Starting from the line in which "University of Pennsylvania" appears, set down each line exactly through the end of the listing, and nothing else. Leave out pictures.

======== Provided data

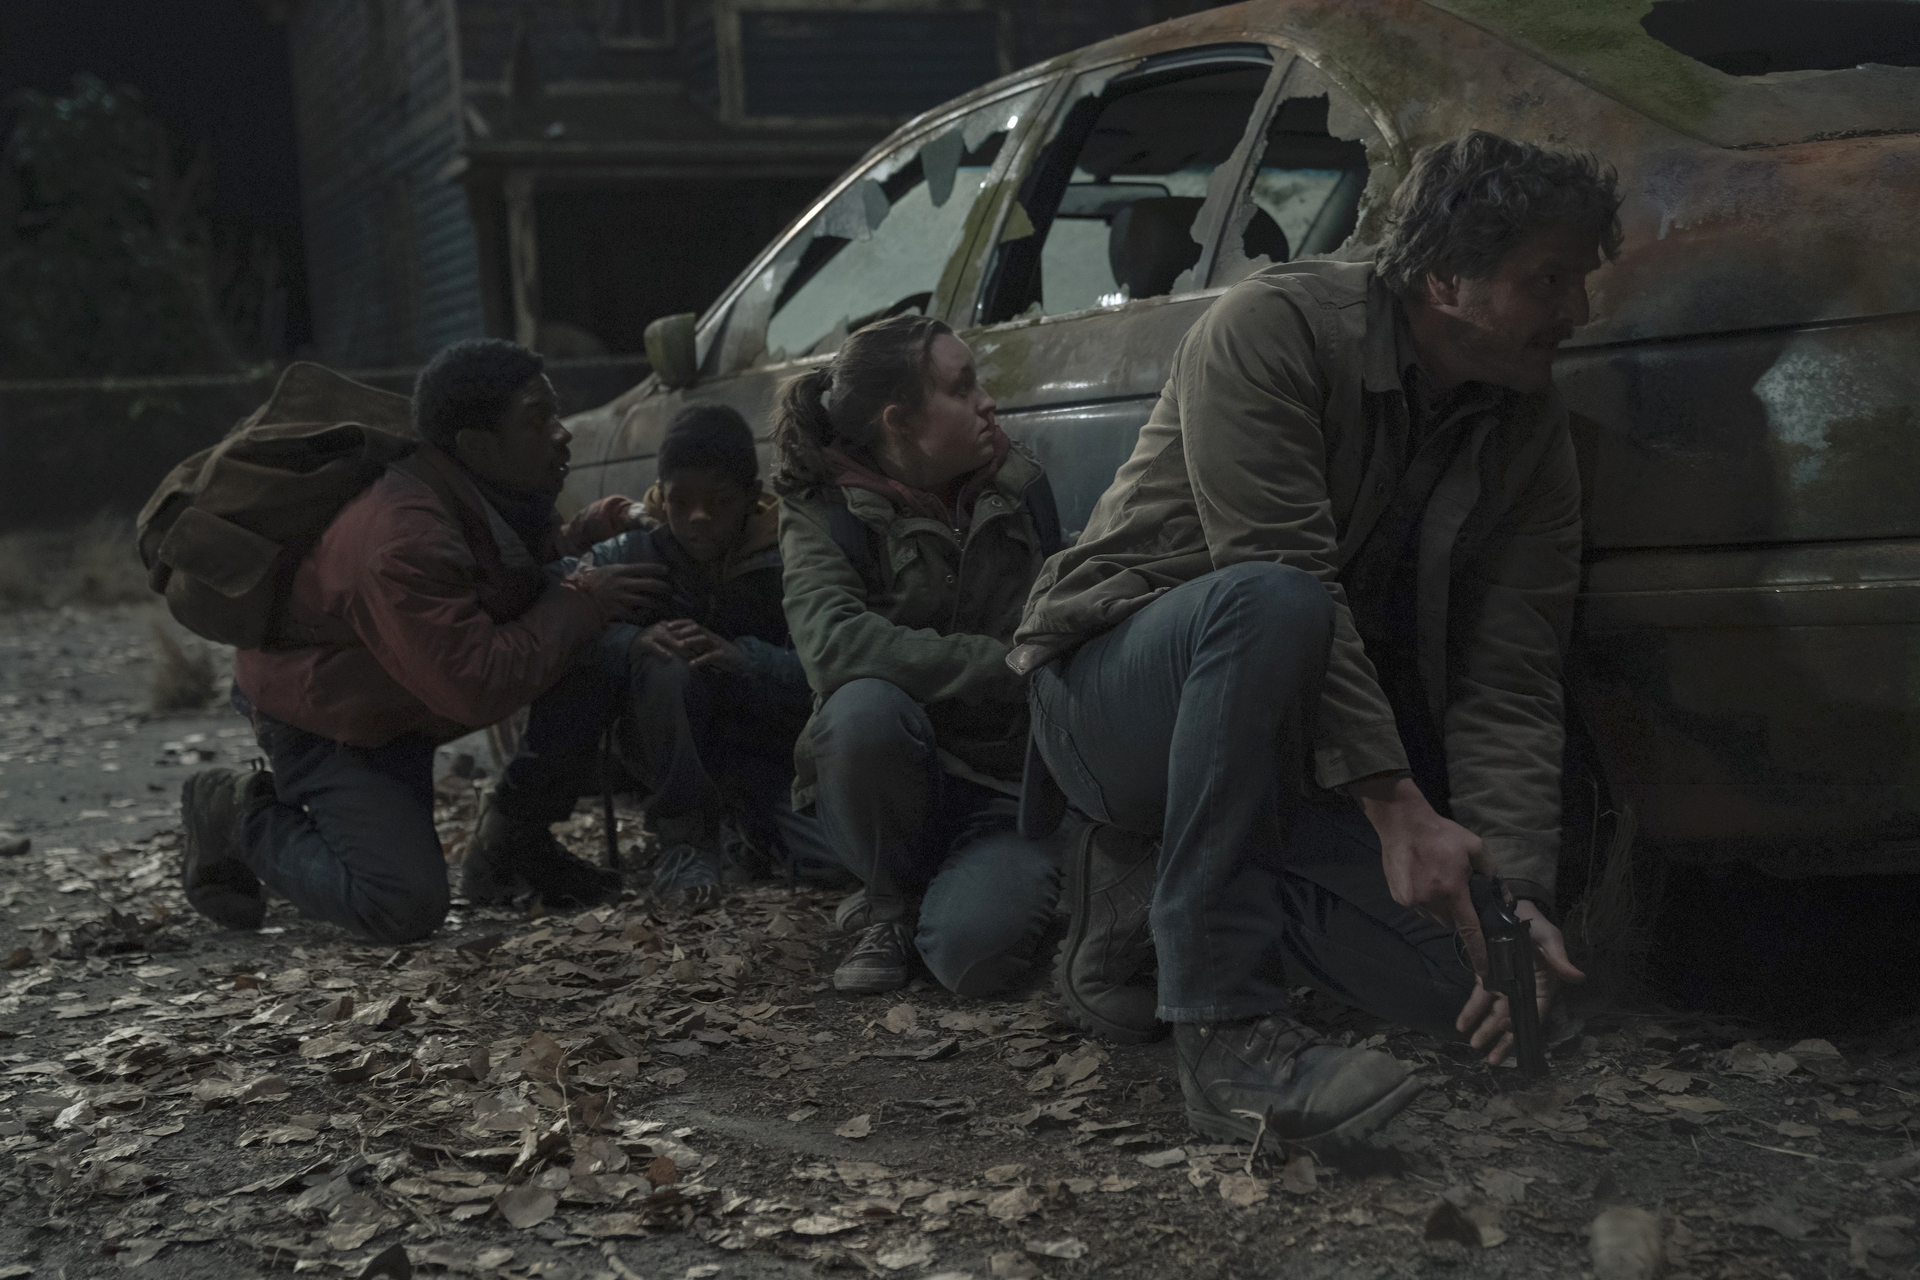 Joel (Pedro Pascal), Ellie (Bella Ramsey), Henry, and Sam crouching behind a car
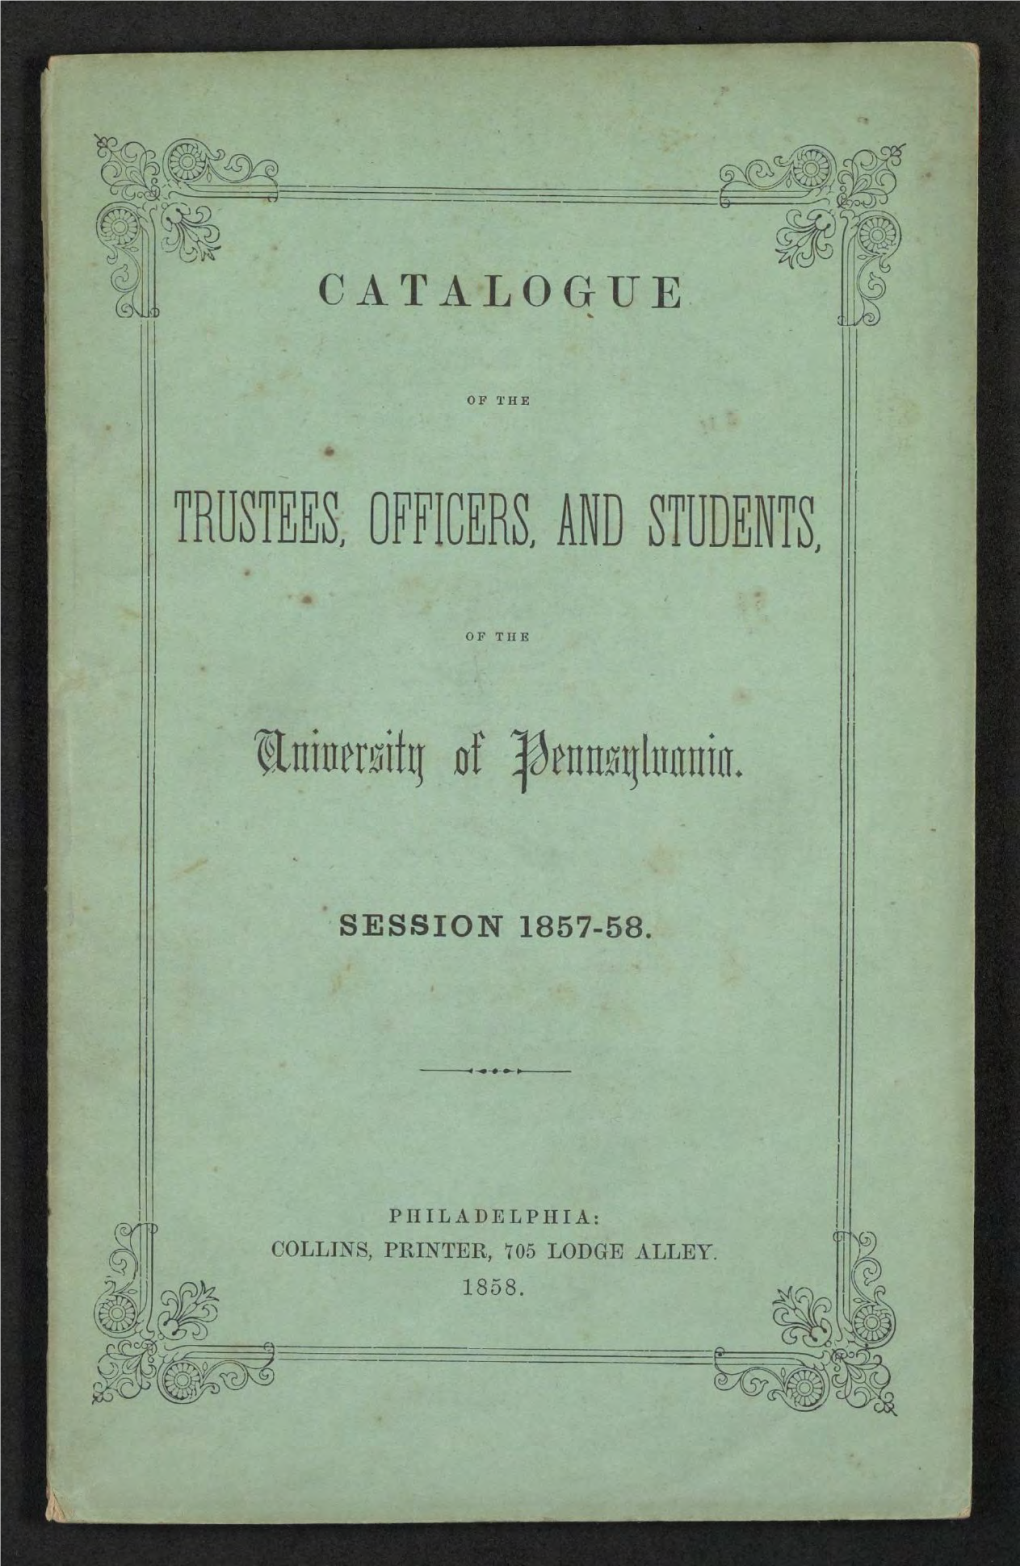 University of Pennsylvania Catalogue, 1857-58
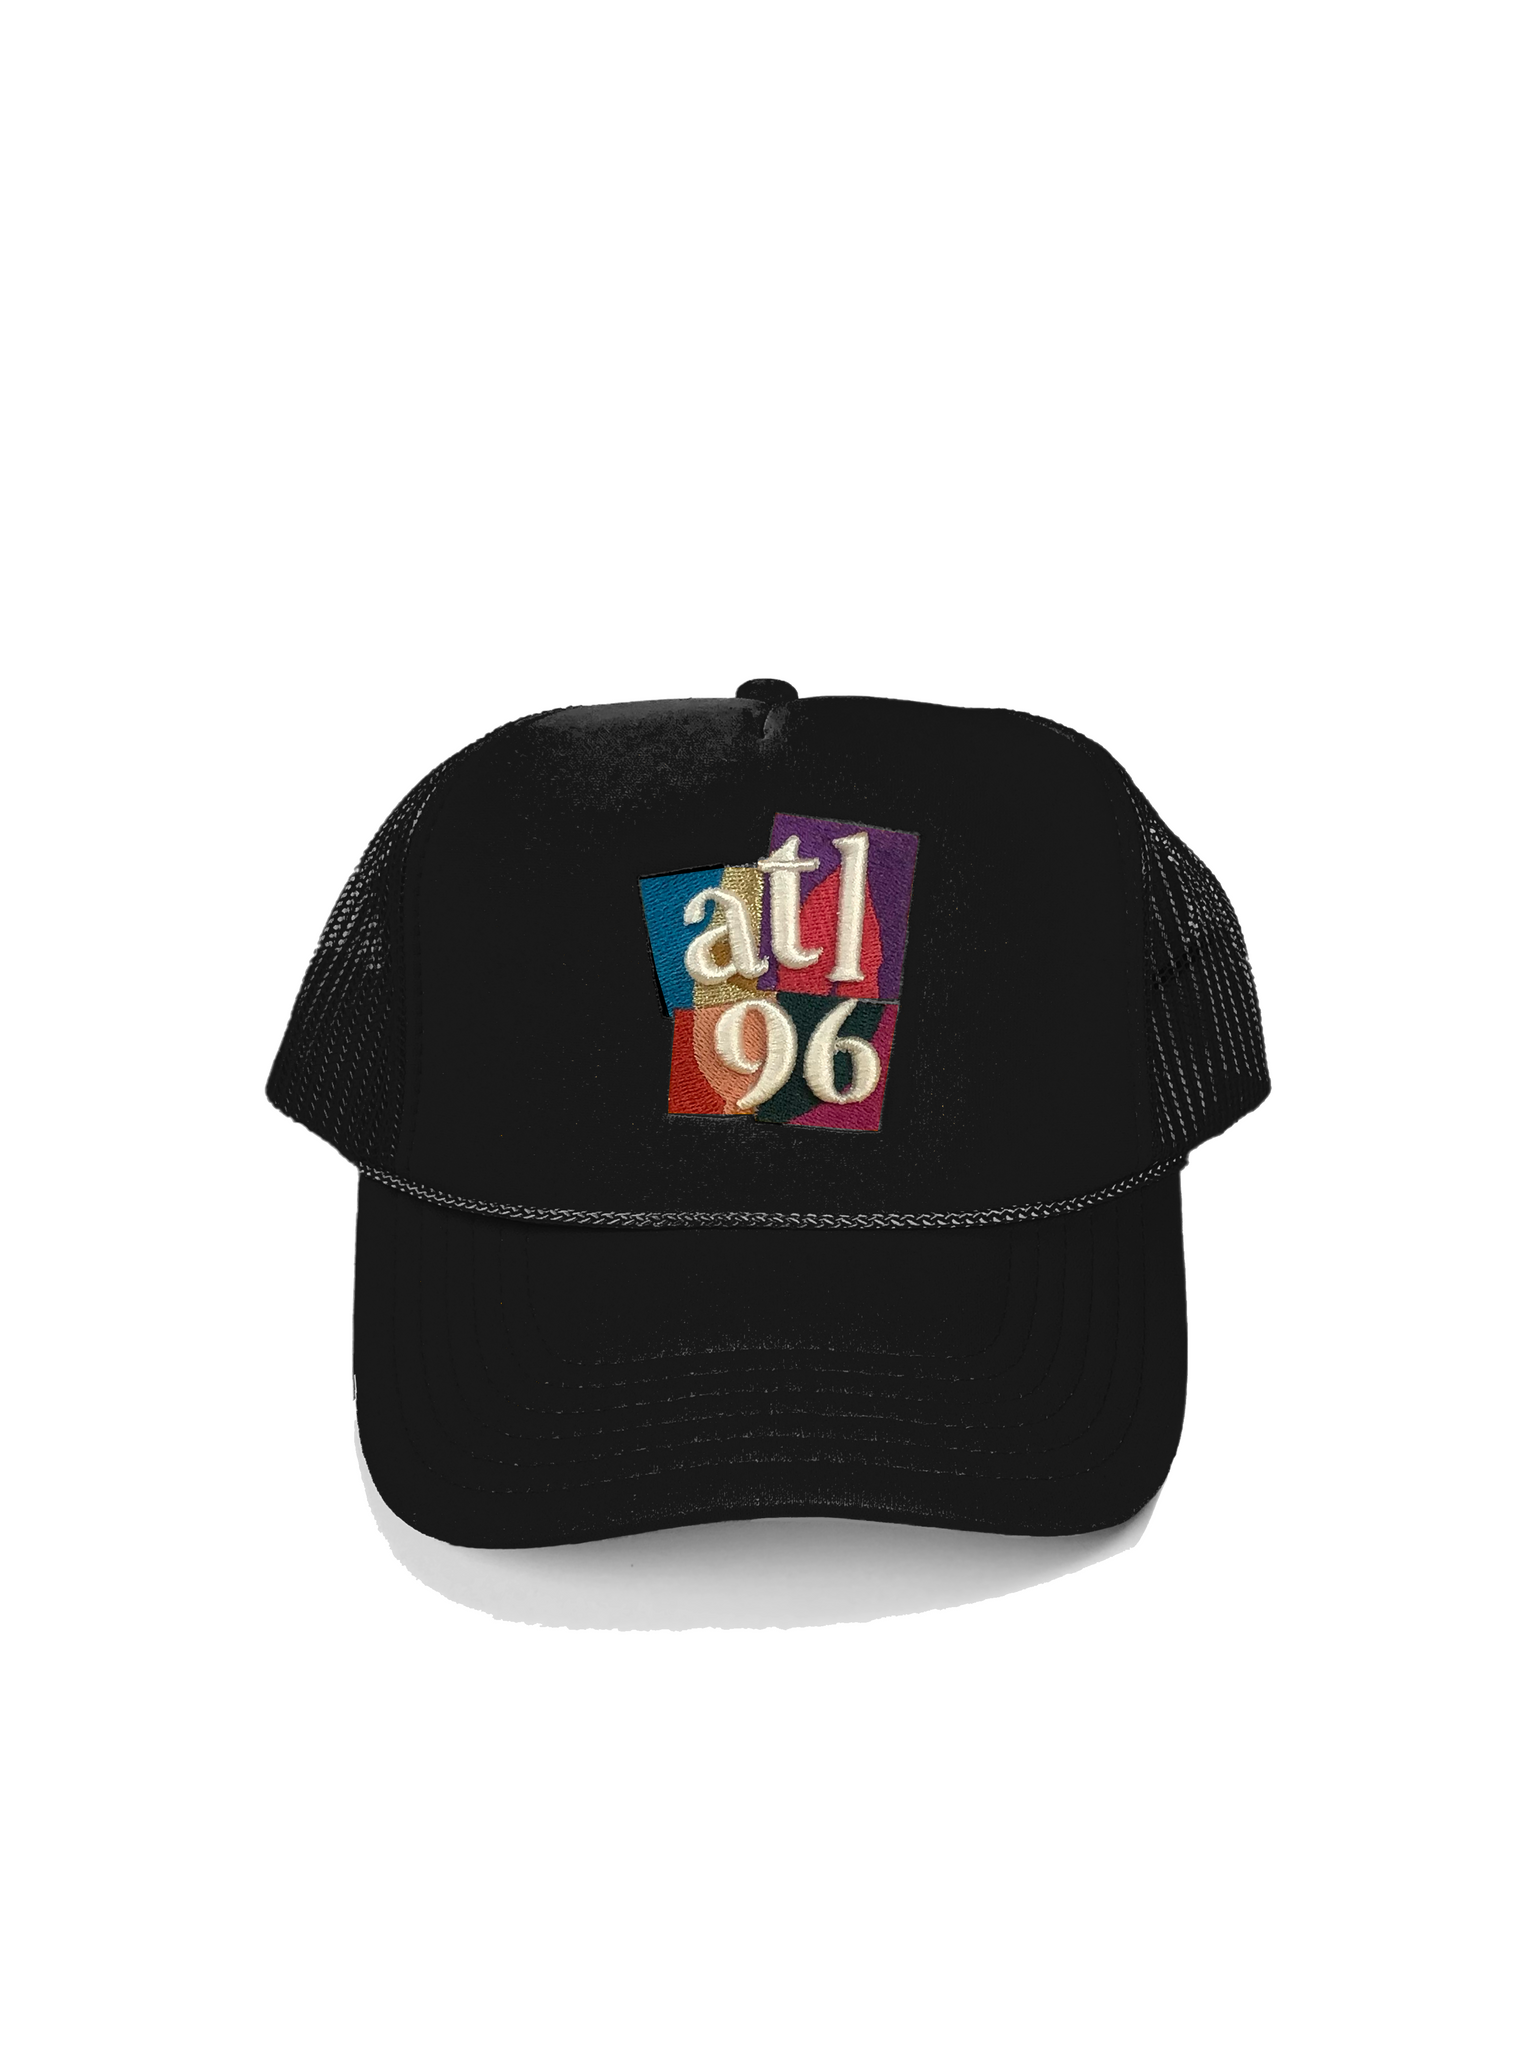 atl1996 Stacked '96 'Closing Ceremony' Trucker Hat
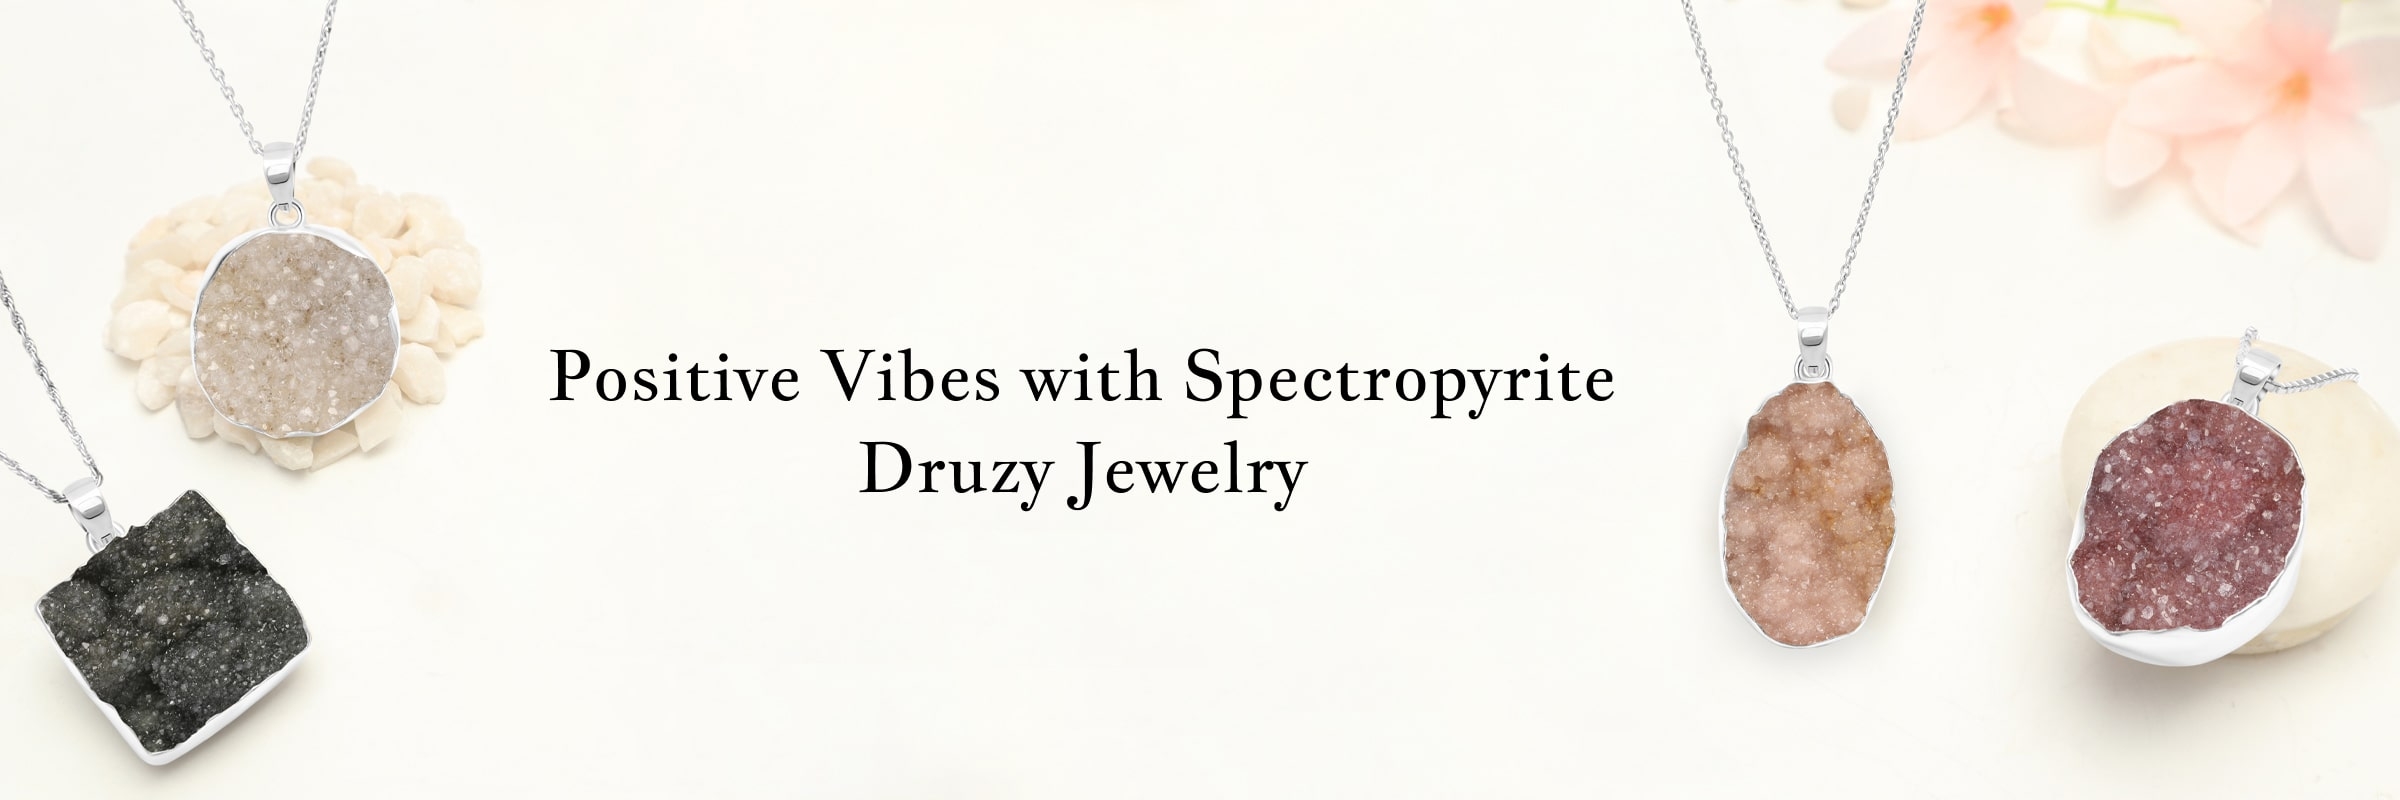 Benefits of wearing Spectropyrite Druzy

================

- _Task result_
 University of Pennsylvania Catalogue, 1857-58
 atl1996 Stacked '96 'Closing Ceremony' Trucker Hat
 Benefits of wearing Spectropyrite Druzy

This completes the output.